Agent loops are inherently asynchronous — the model thinks, tools execute, results stream back, often in parallel. JavaScript/TypeScript has **native async/await** baked into the language and runtime, making concurrent orchestration straightforward without the callback gymnastics or `asyncio` boilerplate you'd face in Python.
Among JS runtimes, we chose [**Bun**](https://bun.com/) specifically because:
- **Same runtime as Claude Code** — Bun powers Claude Code and a growing number of TypeScript-first tools. It's built for speed, and a compiled build is a single native executable.

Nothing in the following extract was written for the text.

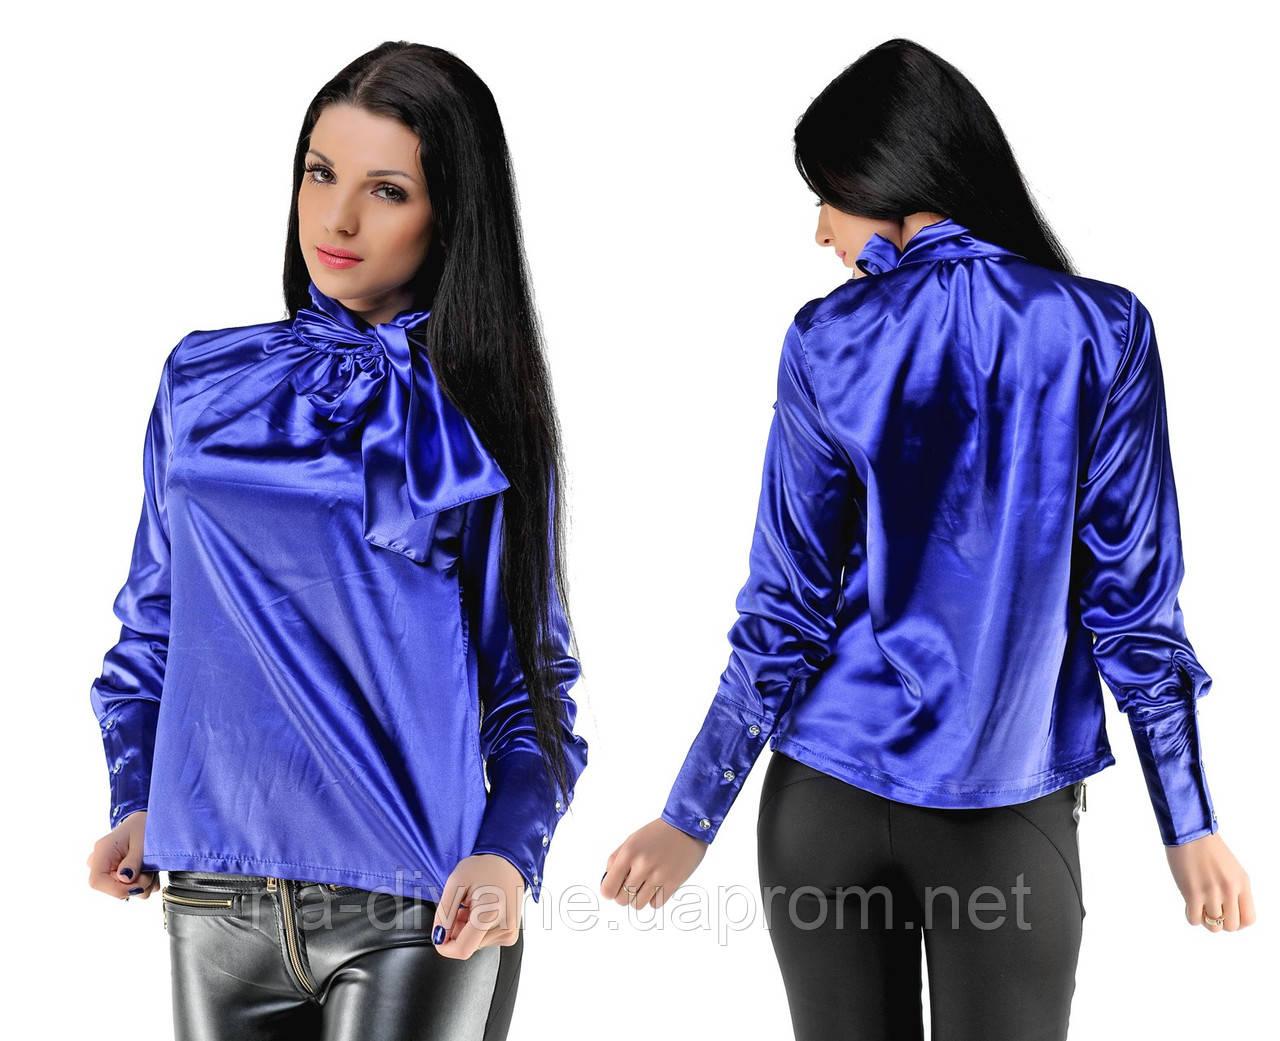 d58b69332c9 Атласная блузка 21-5149 - Женская

- **Performance** — HTTP, filesystem I/O, and cold starts are all noticeably faster than Node's, which adds up when an agent loop issues dozens of tool calls per run.
- **Standalone executables** — `bun build --compile` outputs one self-contained binary. Shipping a CLI is as simple as handing users a single file—no separate runtime install.
- **Batteries included** — Test runner, bundler, and TypeScript support ship with Bun, so there's no separate toolchain to wire up.
---
## Roadmap
- **Sub-agent** — Spawn child agents from within a run to handle subtasks independently, each with their own context and tool set.
- **Agent Team** — Multi-agent collaboration where agents can coordinate, delegate, and share results to tackle complex problems together.
- **Print Mode** — A Claude Code-style rendering mode that streams the agent's thinking, tool calls, and outputs in a rich, human-friendly terminal UI.
- **Sessioning** — A local, file-based session store for the agent's context and history.